THE KING OF TORTS by John Grisham
Before he became one of the world's best selling authors, John Grisham was a lawyer. He has used that background in most of his stories but never has he seemed as much an anti-lawyer as he is in his newest book THE KING OF TORTS. In this book the only good lawyer is an unemployed one, and the worst of the kind is the most successful one.
Clay Carter starts out as a very poor lawyer, at least money wise he is. He makes his living as a member of the Office of the Public Defender in Washington, DC. As such he has one dreary case after another. The only bright spot in his life is his girlfriend, Rebecca Van Horne. Still there are drawbacks even to that relationship. She has two parents who detest him, almost as much as he detests them.
Things change for Clay when he gets a mysterious offer to represent a class of defendants against a drug manufacturer. Clay accepts the offer, quits his job, and starts his own law firm. In a short while he is richer than his wildest dreams. It is at this point that Clay's life and the book both begin to go downhill.
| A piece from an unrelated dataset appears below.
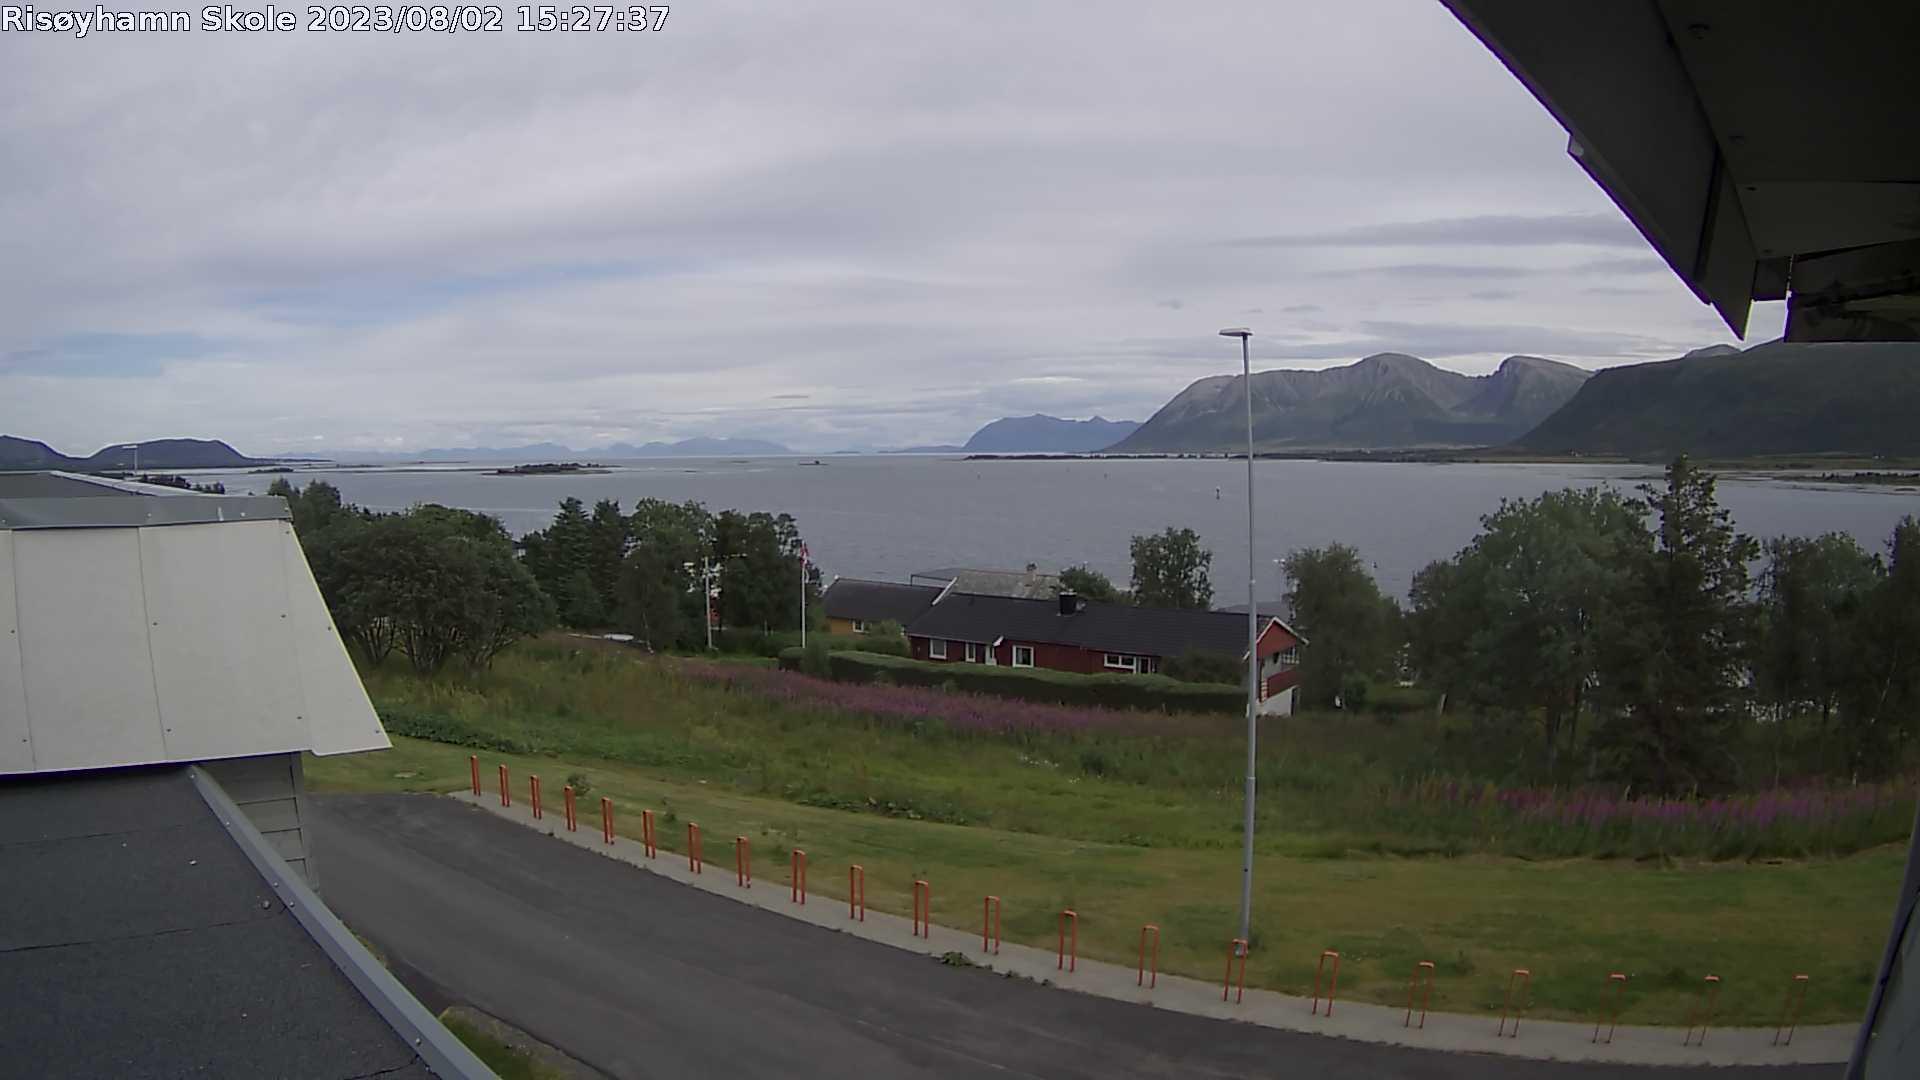 Webcam Risøyhamn › North-East

Grisham is so obsessed with giving details of how money and power corrupt that he forgets the characters in his story. It is just page after page of descriptions of living the high life and how mind-boggling it can be. His point about greed is made over and over and over again.
It is also a flaw of the book that it gives you no one to like. Most readers want a hero of some sort to make them feel better about life or about the world in general. In THE KING OF TORTS you just get one loser after another - moral loser that is. A half-hearted effort to redeem Clay is not really successful.
When you think back on Grisham's first novels you remember how good he was with plots and characters. Novels such as A TIME TO KILL and THE FIRM were full of heroic persons who stood up against evil and triumphed. Now we get books like THE KING OF TORTS where the full story is based on one diatribe against the legal profession after another.
Grisham's latest is a readable story but not an enjoyable one. If he continues this path he might be forced to go back to practicing law in order to make a living. And feeling about the practice of law as he does, this would be an awful sentence to fulfill.
THE KING OF TORTS is published by Doubleday and Company. It contains 372 pages and sells for $27.95.